• TASK:
The listing below contains a span that opens with the line containing "Rising Medical Student" and closes with the line containing "Rolex Yacht Master". Return that span exactly.

----- DATA TO PROCESS -----

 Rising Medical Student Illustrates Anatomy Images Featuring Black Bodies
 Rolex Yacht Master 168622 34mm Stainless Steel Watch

-----
----- DATA TO PROCESS -----

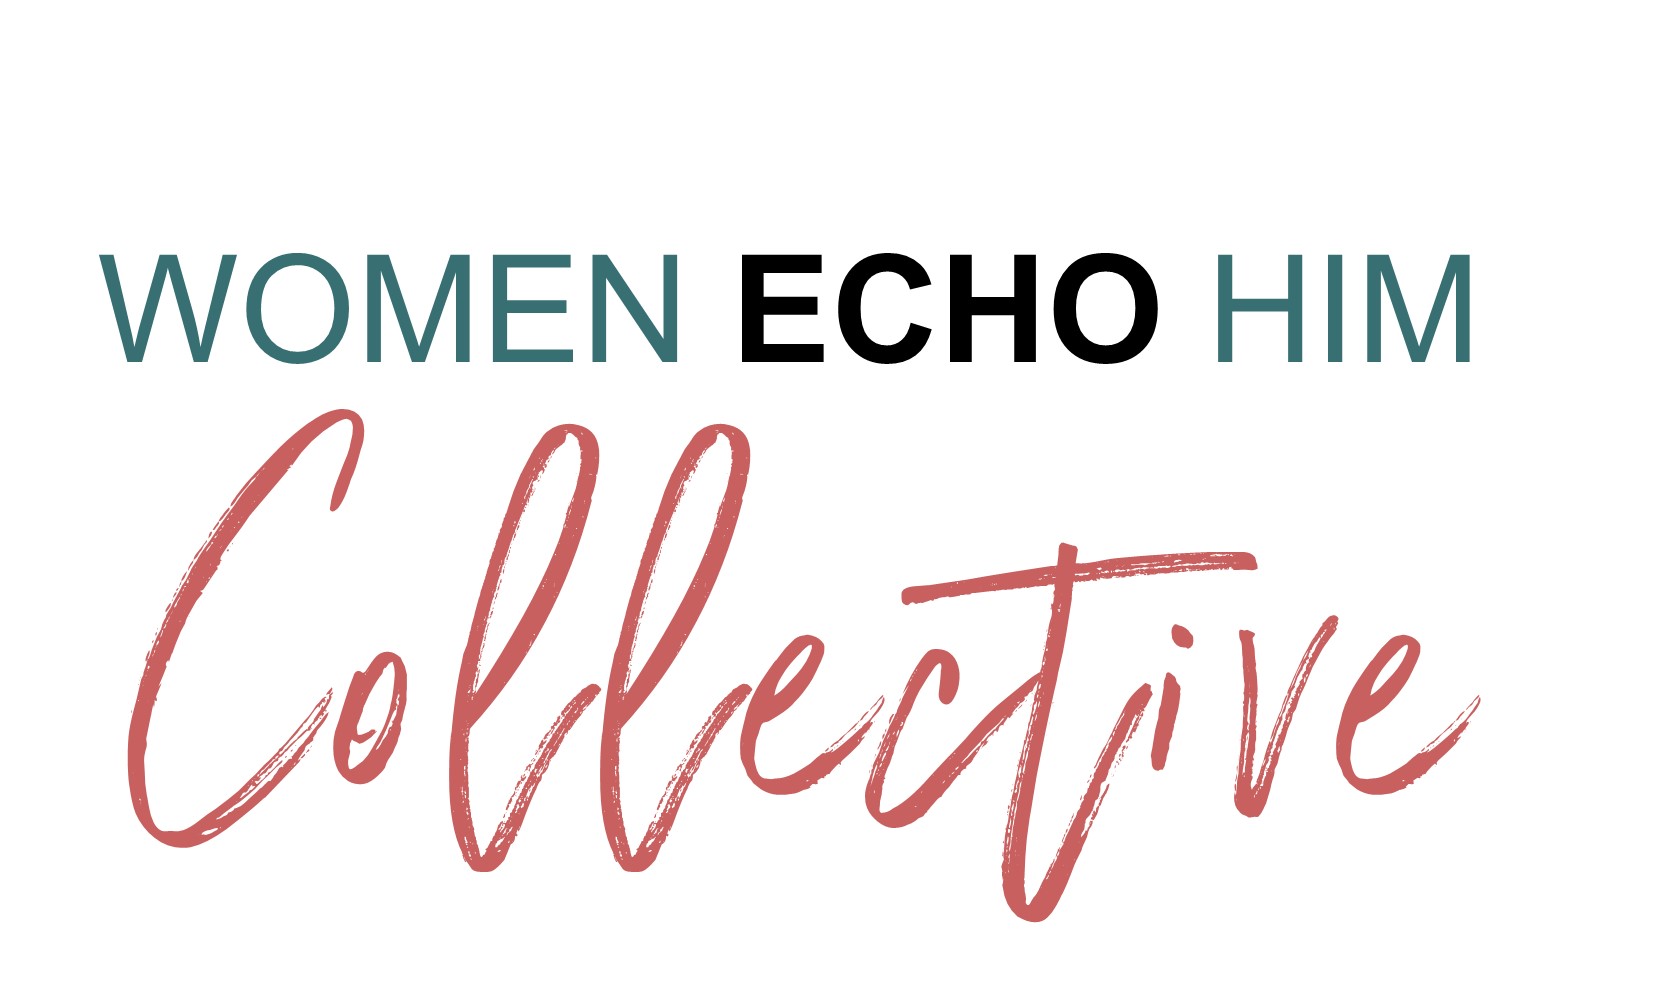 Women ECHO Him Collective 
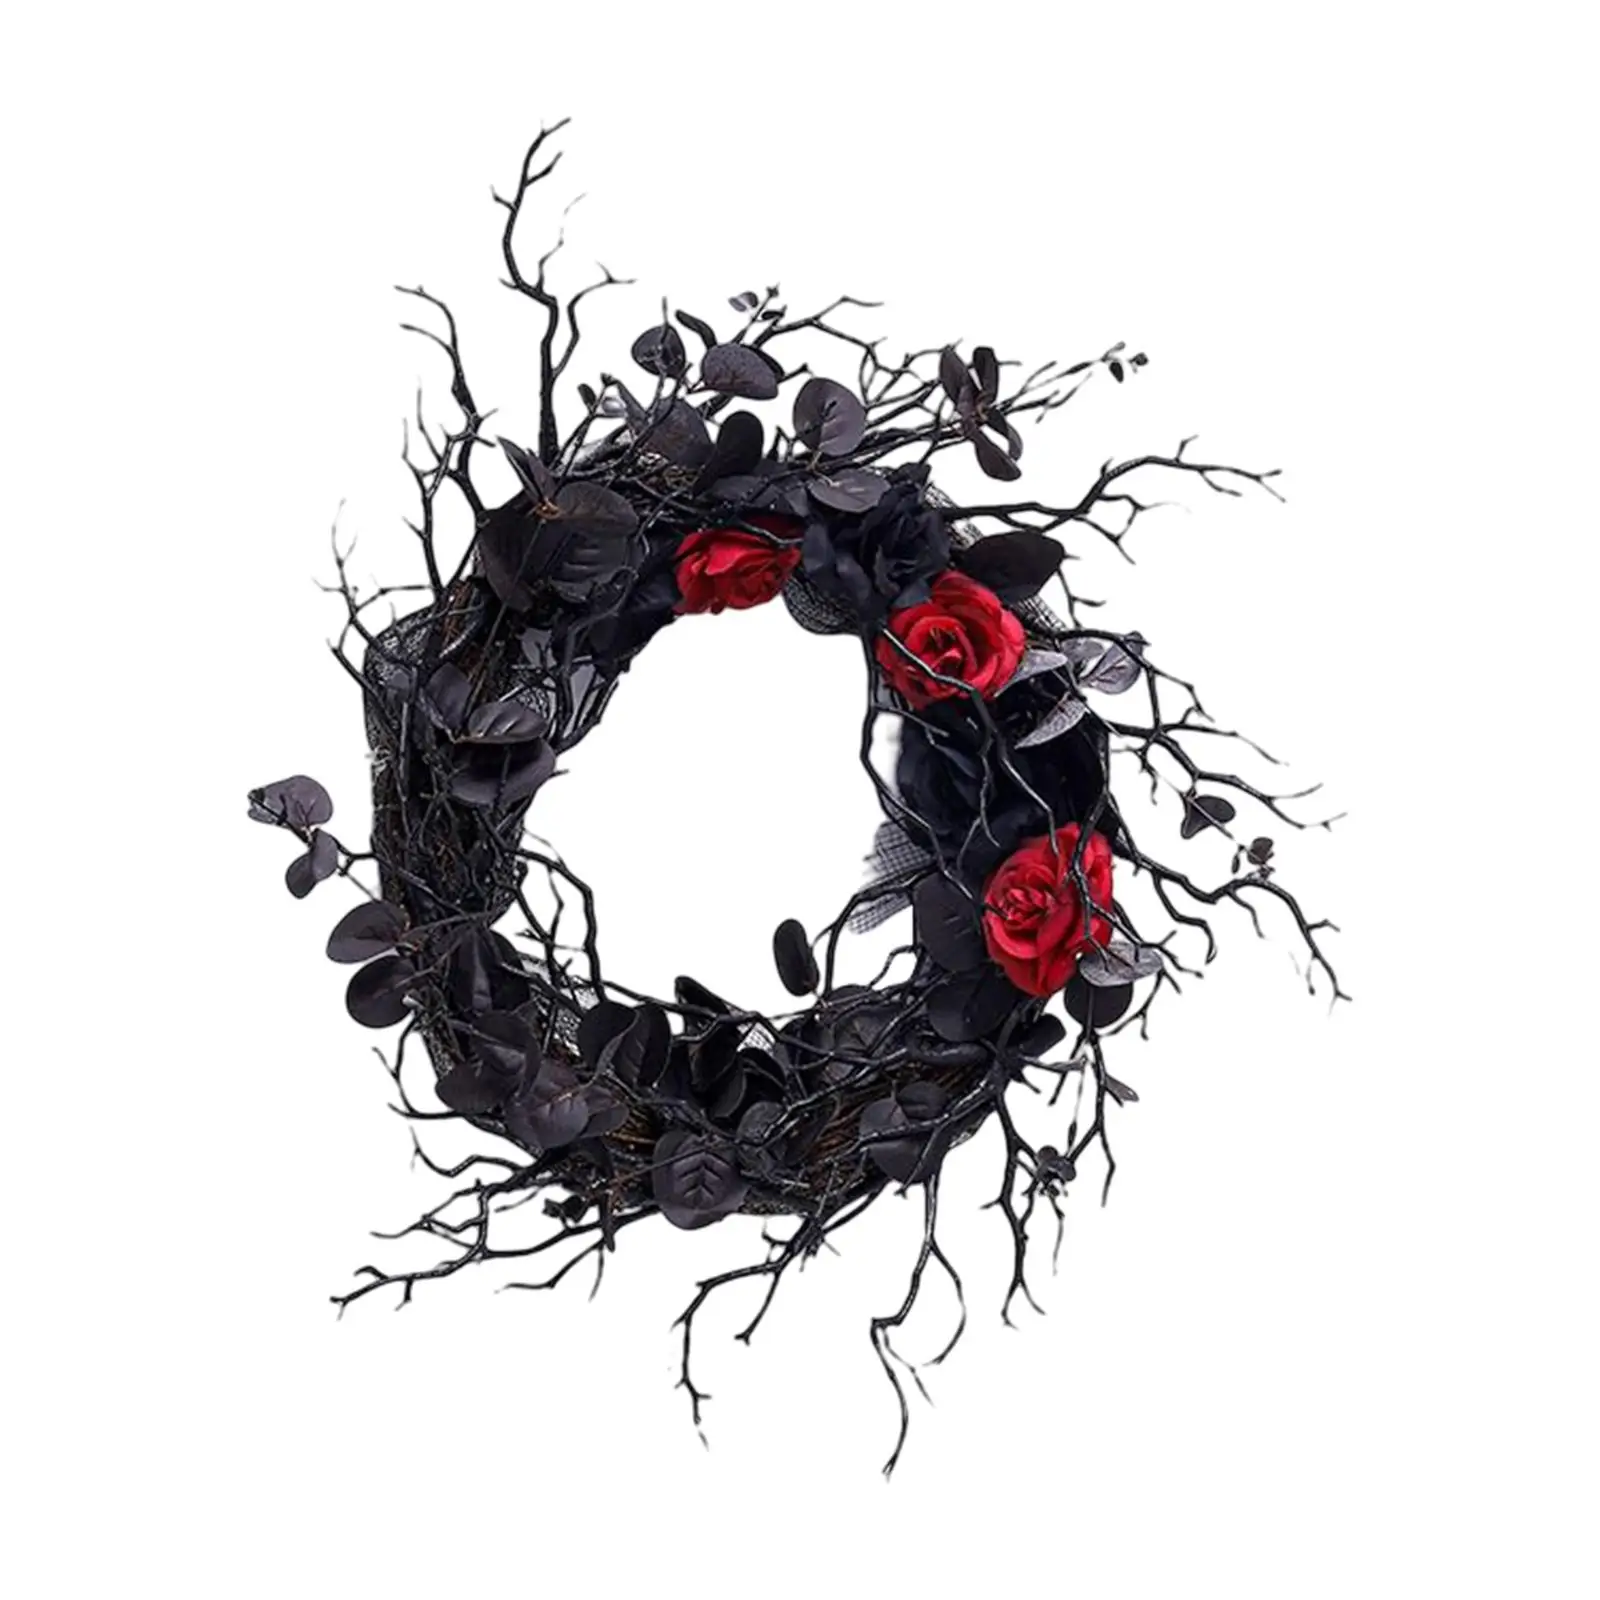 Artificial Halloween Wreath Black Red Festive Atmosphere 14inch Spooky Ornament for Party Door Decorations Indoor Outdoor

-----
----- DATA TO PROCESS -----

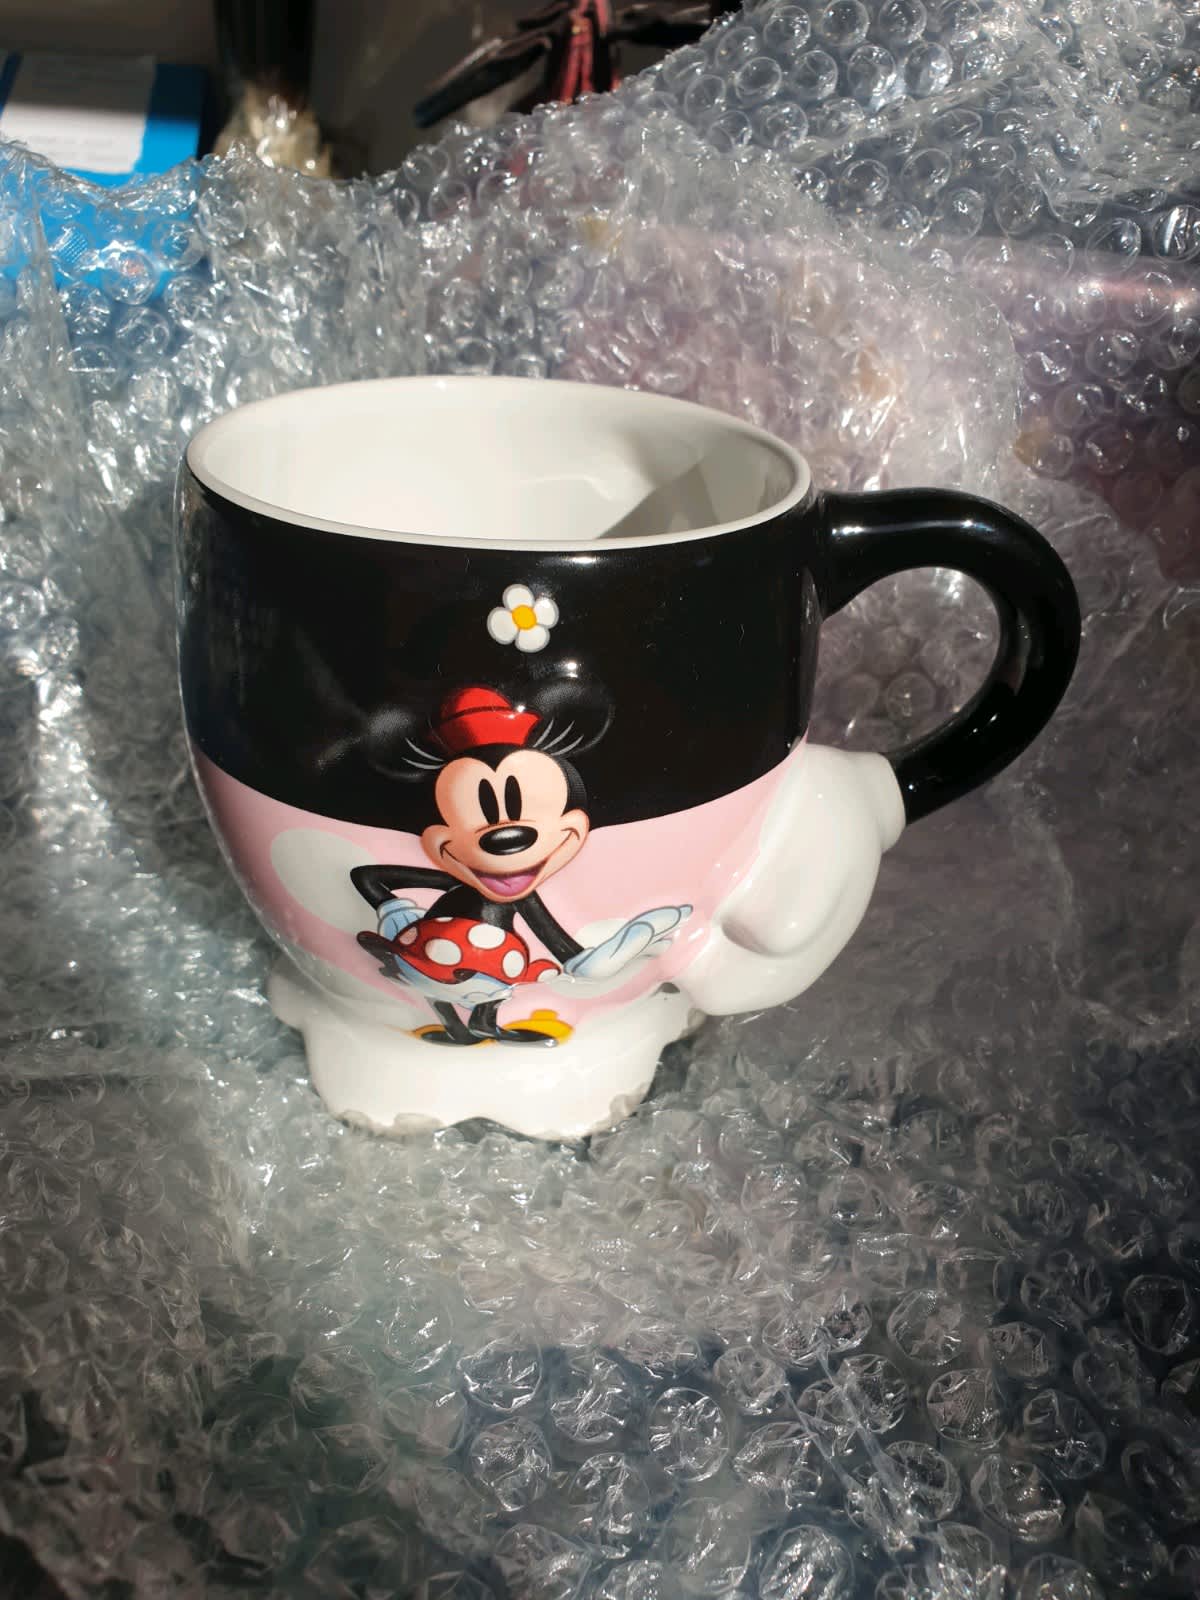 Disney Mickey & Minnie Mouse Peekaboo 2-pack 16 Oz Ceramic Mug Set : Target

-----

• EXERCISE RESPONSE:
 Rising Medical Student Illustrates Anatomy Images Featuring Black Bodies
 Rolex Yacht Master 168622 34mm Stainless Steel Watch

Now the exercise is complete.